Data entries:
+---+

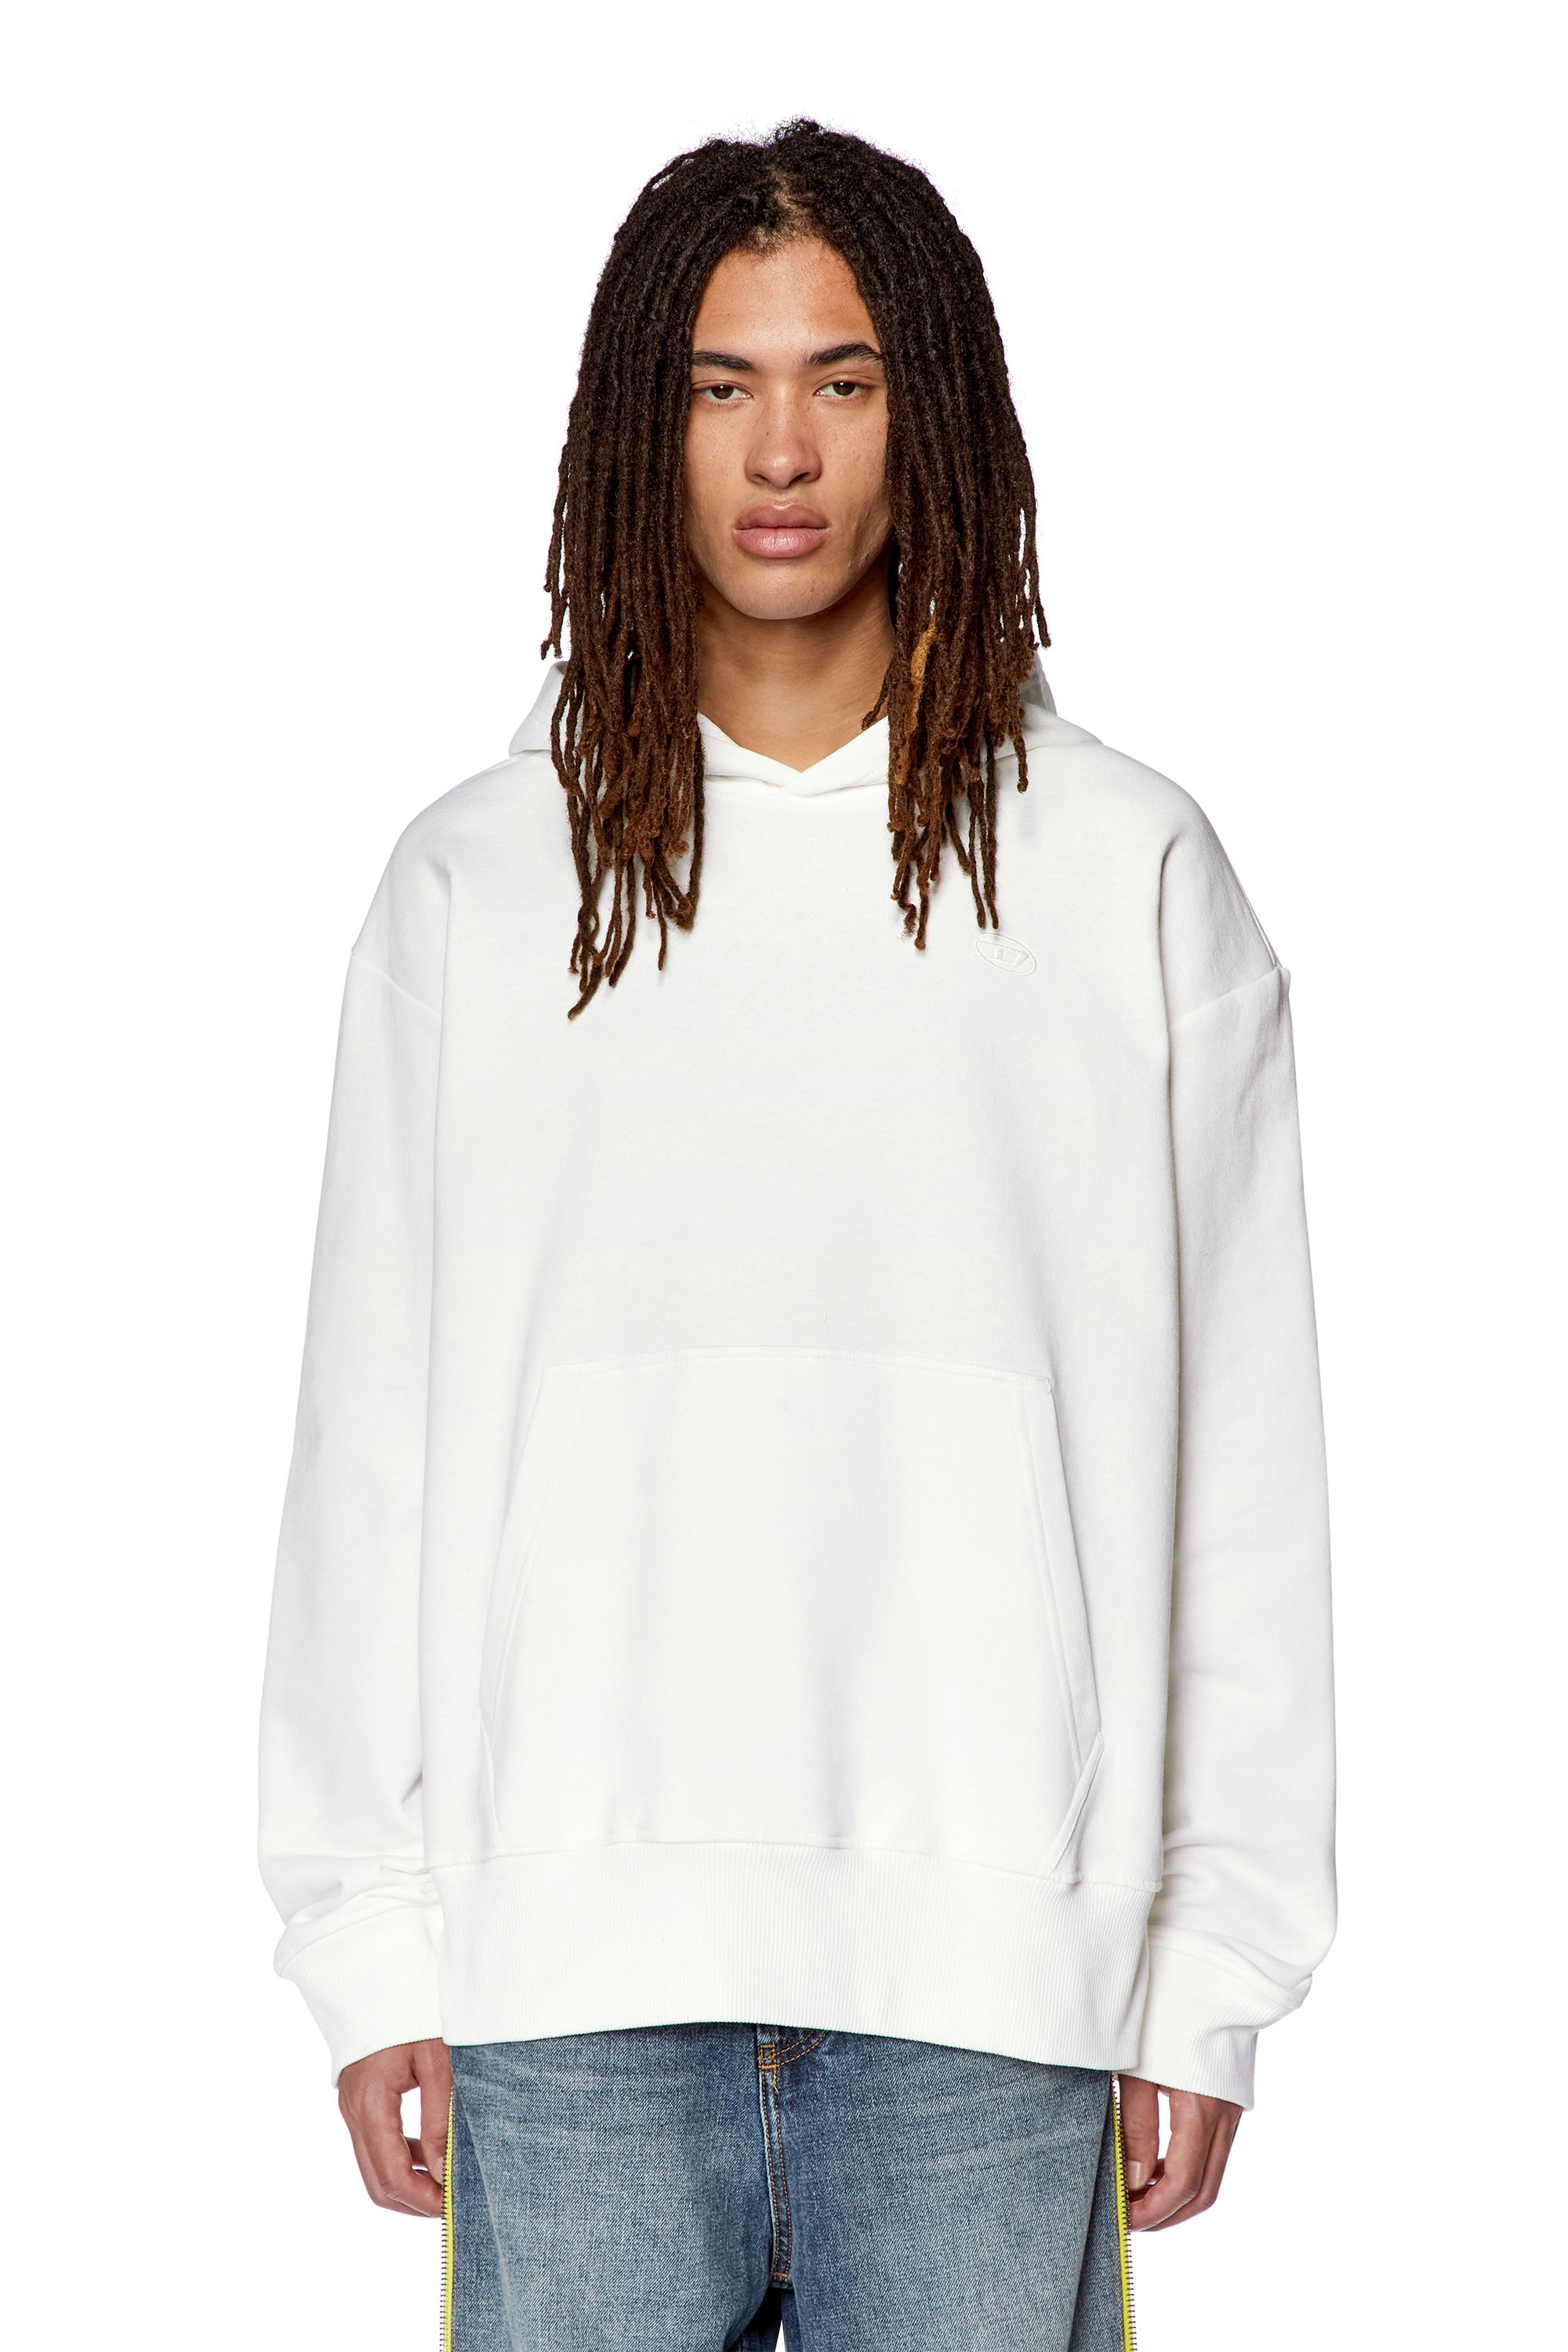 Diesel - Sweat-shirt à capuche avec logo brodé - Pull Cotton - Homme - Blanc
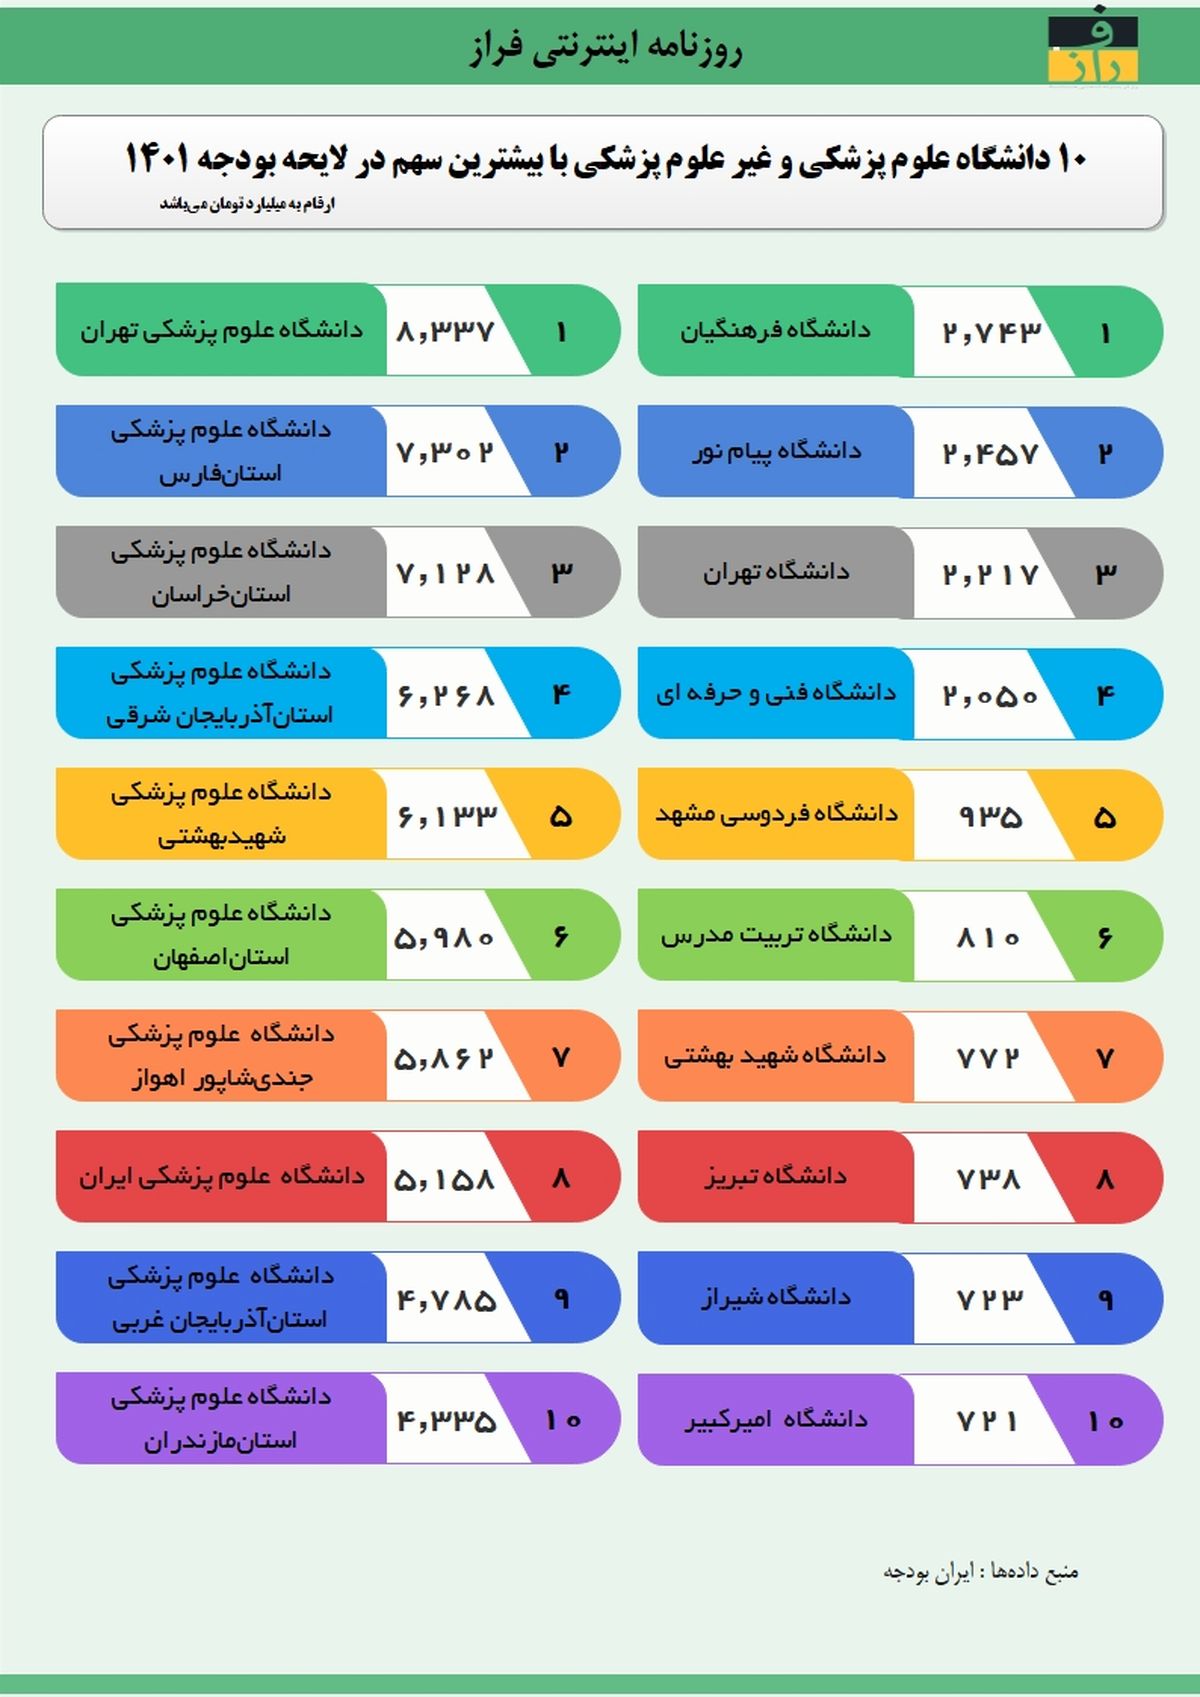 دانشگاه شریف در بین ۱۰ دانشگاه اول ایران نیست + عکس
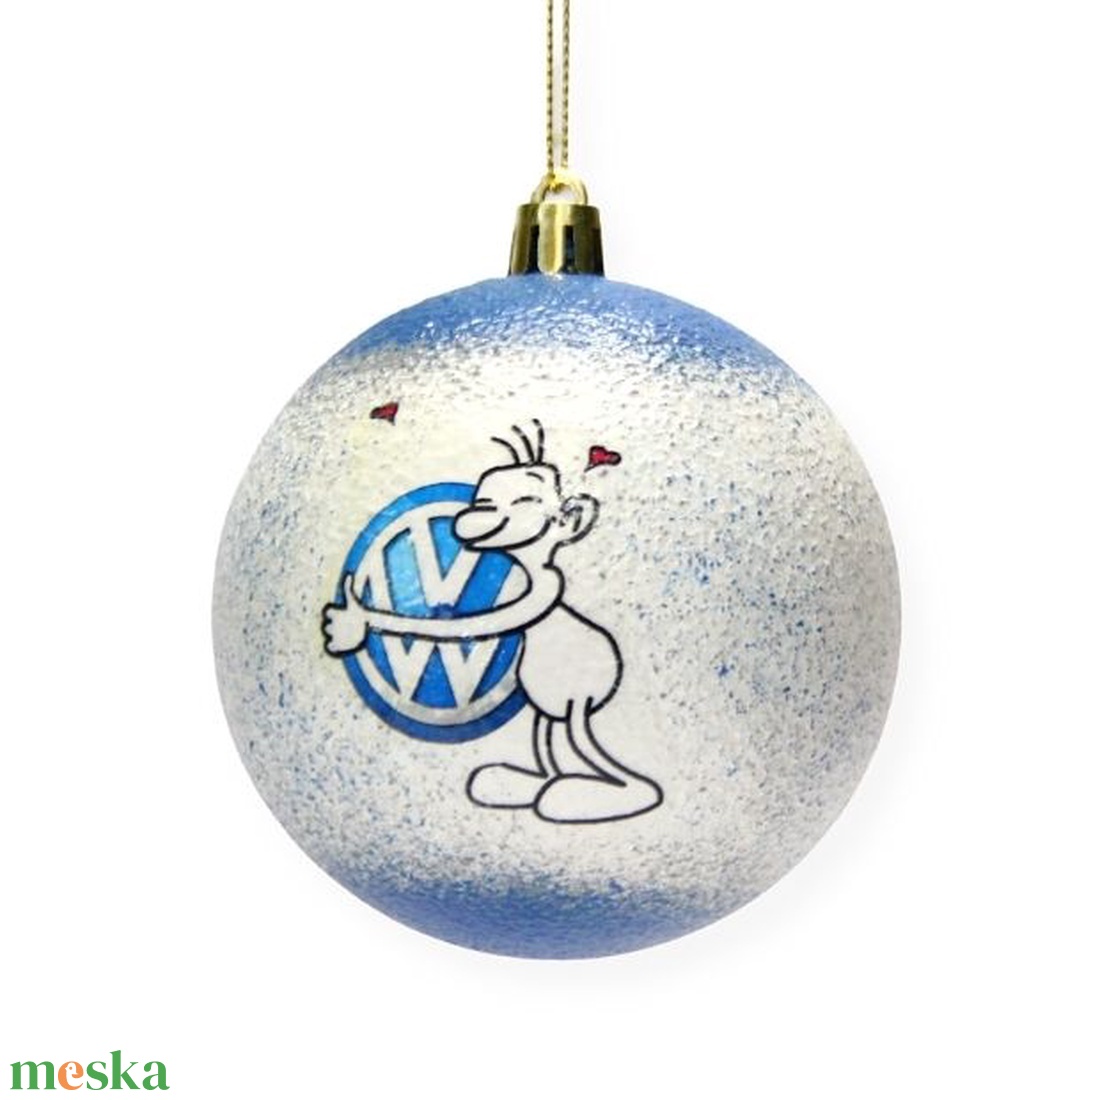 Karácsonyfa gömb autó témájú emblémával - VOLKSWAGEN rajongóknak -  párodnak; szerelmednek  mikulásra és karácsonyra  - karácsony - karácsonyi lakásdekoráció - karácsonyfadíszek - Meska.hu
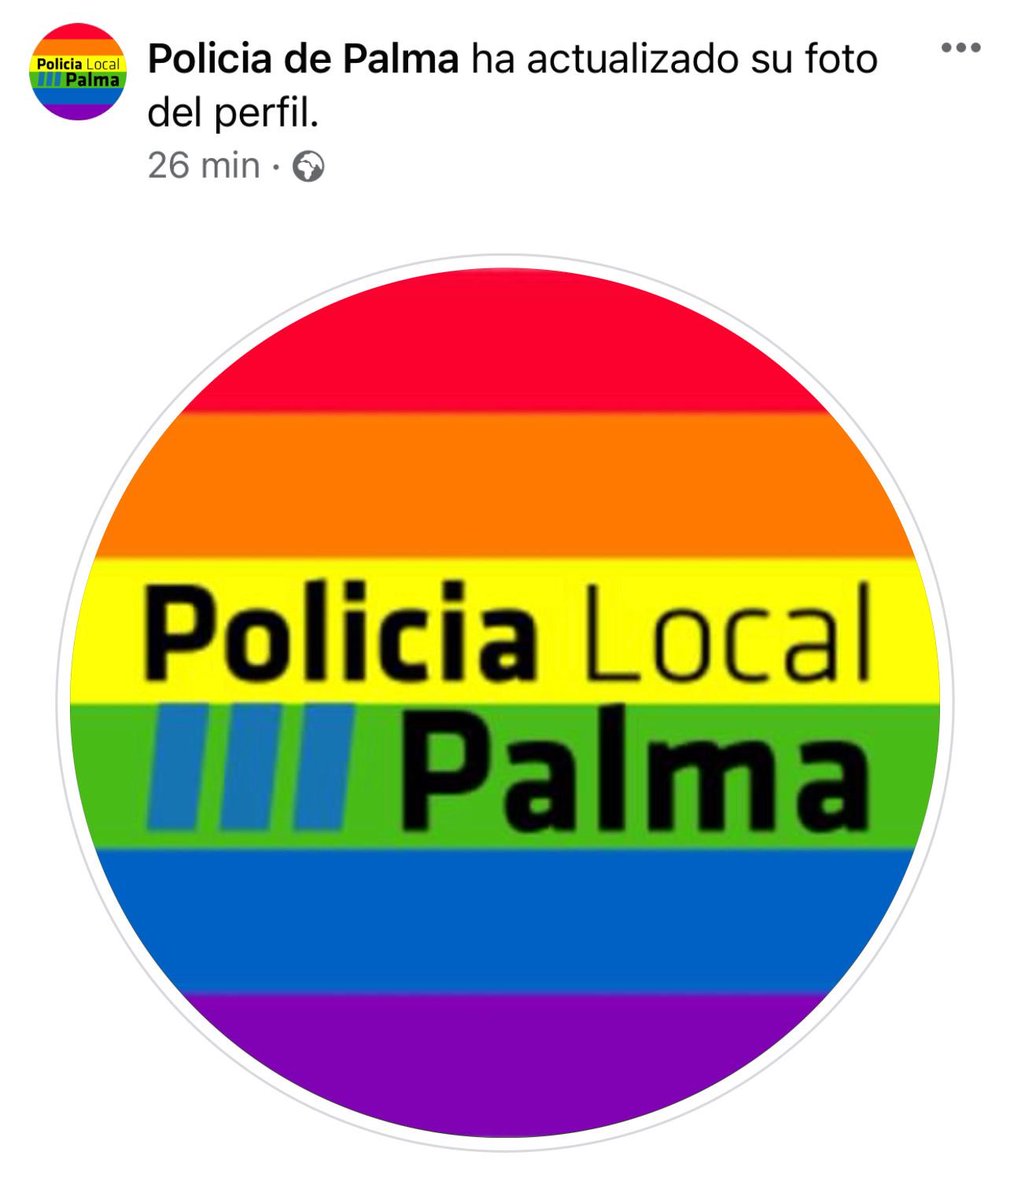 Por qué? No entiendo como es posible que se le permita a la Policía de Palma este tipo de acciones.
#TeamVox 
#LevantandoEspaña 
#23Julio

+---+

- Goal of the exercise -
Restate word for word the lines that begin at the one containing "Por qué? No" and end with the final line of the records. Pictures stay out.

- Solution to this task -
 Por qué? No entiendo como es posible que se le permita a la Policía de Palma este tipo de acciones.
#TeamVox 
#LevantandoEspaña 
#23Julio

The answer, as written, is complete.